[Dataset entries]
== == ==

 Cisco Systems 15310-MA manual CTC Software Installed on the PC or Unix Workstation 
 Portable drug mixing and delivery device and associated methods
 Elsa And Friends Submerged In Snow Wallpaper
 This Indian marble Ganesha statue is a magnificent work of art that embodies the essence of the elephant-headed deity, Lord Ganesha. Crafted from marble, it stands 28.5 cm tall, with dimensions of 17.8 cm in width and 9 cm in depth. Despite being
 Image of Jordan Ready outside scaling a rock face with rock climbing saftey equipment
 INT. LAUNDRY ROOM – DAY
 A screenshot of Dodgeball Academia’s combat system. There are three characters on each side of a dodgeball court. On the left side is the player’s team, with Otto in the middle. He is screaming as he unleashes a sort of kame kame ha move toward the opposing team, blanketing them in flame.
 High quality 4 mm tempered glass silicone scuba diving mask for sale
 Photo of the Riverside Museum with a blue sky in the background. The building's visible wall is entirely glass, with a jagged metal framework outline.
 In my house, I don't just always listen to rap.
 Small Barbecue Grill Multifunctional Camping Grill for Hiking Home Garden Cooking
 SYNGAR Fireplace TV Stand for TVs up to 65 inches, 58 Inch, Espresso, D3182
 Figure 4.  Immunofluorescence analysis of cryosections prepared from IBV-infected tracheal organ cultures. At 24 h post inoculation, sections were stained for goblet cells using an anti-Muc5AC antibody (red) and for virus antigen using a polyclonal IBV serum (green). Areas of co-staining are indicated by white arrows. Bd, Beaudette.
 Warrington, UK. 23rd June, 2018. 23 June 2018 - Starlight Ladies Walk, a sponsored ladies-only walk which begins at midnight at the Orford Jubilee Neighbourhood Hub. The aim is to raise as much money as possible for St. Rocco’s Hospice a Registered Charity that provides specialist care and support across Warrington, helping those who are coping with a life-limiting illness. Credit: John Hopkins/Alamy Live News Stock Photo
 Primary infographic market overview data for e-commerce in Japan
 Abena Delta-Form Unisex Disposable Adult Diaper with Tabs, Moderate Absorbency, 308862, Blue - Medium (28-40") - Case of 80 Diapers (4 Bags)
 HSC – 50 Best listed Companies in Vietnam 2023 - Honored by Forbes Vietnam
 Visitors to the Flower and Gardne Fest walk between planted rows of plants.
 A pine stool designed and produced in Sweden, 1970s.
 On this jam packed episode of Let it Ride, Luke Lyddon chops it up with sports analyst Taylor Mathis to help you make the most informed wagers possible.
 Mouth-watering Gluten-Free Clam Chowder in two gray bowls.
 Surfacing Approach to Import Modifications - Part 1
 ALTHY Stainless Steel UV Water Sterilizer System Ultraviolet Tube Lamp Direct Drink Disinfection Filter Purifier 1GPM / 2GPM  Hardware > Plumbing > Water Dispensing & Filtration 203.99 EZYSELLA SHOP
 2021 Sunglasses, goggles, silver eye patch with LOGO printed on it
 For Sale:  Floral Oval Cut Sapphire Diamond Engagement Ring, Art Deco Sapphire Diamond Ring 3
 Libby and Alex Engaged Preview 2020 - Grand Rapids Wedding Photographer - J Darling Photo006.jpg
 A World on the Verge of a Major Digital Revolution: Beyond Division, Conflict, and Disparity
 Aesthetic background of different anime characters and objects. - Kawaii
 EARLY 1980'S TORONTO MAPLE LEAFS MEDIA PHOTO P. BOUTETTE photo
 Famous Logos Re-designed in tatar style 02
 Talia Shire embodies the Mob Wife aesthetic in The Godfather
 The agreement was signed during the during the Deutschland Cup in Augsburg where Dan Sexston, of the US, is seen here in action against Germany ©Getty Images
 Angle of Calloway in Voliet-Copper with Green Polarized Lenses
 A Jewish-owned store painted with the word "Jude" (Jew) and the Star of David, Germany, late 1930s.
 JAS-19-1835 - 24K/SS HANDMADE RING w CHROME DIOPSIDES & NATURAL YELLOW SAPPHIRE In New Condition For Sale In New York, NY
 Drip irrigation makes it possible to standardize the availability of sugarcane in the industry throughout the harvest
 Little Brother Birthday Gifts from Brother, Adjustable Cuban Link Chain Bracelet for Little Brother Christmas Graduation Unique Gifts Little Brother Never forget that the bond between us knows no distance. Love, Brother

== == ==

■ **WHAT TO PRODUCE**
The task calls for all the records above to be repeated exactly.

■ **SOLVED PROBLEM**
 Cisco Systems 15310-MA manual CTC Software Installed on the PC or Unix Workstation 
 Portable drug mixing and delivery device and associated methods
 Elsa And Friends Submerged In Snow Wallpaper
 This Indian marble Ganesha statue is a magnificent work of art that embodies the essence of the elephant-headed deity, Lord Ganesha. Crafted from marble, it stands 28.5 cm tall, with dimensions of 17.8 cm in width and 9 cm in depth. Despite being
 Image of Jordan Ready outside scaling a rock face with rock climbing saftey equipment
 INT. LAUNDRY ROOM – DAY
 A screenshot of Dodgeball Academia’s combat system. There are three characters on each side of a dodgeball court. On the left side is the player’s team, with Otto in the middle. He is screaming as he unleashes a sort of kame kame ha move toward the opposing team, blanketing them in flame.
 High quality 4 mm tempered glass silicone scuba diving mask for sale
 Photo of the Riverside Museum with a blue sky in the background. The building's visible wall is entirely glass, with a jagged metal framework outline.
 In my house, I don't just always listen to rap.
 Small Barbecue Grill Multifunctional Camping Grill for Hiking Home Garden Cooking
 SYNGAR Fireplace TV Stand for TVs up to 65 inches, 58 Inch, Espresso, D3182
 Figure 4.  Immunofluorescence analysis of cryosections prepared from IBV-infected tracheal organ cultures. At 24 h post inoculation, sections were stained for goblet cells using an anti-Muc5AC antibody (red) and for virus antigen using a polyclonal IBV serum (green). Areas of co-staining are indicated by white arrows. Bd, Beaudette.
 Warrington, UK. 23rd June, 2018. 23 June 2018 - Starlight Ladies Walk, a sponsored ladies-only walk which begins at midnight at the Orford Jubilee Neighbourhood Hub. The aim is to raise as much money as possible for St. Rocco’s Hospice a Registered Charity that provides specialist care and support across Warrington, helping those who are coping with a life-limiting illness. Credit: John Hopkins/Alamy Live News Stock Photo
 Primary infographic market overview data for e-commerce in Japan
 Abena Delta-Form Unisex Disposable Adult Diaper with Tabs, Moderate Absorbency, 308862, Blue - Medium (28-40") - Case of 80 Diapers (4 Bags)
 HSC – 50 Best listed Companies in Vietnam 2023 - Honored by Forbes Vietnam
 Visitors to the Flower and Gardne Fest walk between planted rows of plants.
 A pine stool designed and produced in Sweden, 1970s.
 On this jam packed episode of Let it Ride, Luke Lyddon chops it up with sports analyst Taylor Mathis to help you make the most informed wagers possible.
 Mouth-watering Gluten-Free Clam Chowder in two gray bowls.
 Surfacing Approach to Import Modifications - Part 1
 ALTHY Stainless Steel UV Water Sterilizer System Ultraviolet Tube Lamp Direct Drink Disinfection Filter Purifier 1GPM / 2GPM  Hardware > Plumbing > Water Dispensing & Filtration 203.99 EZYSELLA SHOP
 2021 Sunglasses, goggles, silver eye patch with LOGO printed on it
 For Sale:  Floral Oval Cut Sapphire Diamond Engagement Ring, Art Deco Sapphire Diamond Ring 3
 Libby and Alex Engaged Preview 2020 - Grand Rapids Wedding Photographer - J Darling Photo006.jpg
 A World on the Verge of a Major Digital Revolution: Beyond Division, Conflict, and Disparity
 Aesthetic background of different anime characters and objects. - Kawaii
 EARLY 1980'S TORONTO MAPLE LEAFS MEDIA PHOTO P. BOUTETTE photo
 Famous Logos Re-designed in tatar style 02
 Talia Shire embodies the Mob Wife aesthetic in The Godfather
 The agreement was signed during the during the Deutschland Cup in Augsburg where Dan Sexston, of the US, is seen here in action against Germany ©Getty Images
 Angle of Calloway in Voliet-Copper with Green Polarized Lenses
 A Jewish-owned store painted with the word "Jude" (Jew) and the Star of David, Germany, late 1930s.
 JAS-19-1835 - 24K/SS HANDMADE RING w CHROME DIOPSIDES & NATURAL YELLOW SAPPHIRE In New Condition For Sale In New York, NY
 Drip irrigation makes it possible to standardize the availability of sugarcane in the industry throughout the harvest
 Little Brother Birthday Gifts from Brother, Adjustable Cuban Link Chain Bracelet for Little Brother Christmas Graduation Unique Gifts Little Brother Never forget that the bond between us knows no distance. Love, Brother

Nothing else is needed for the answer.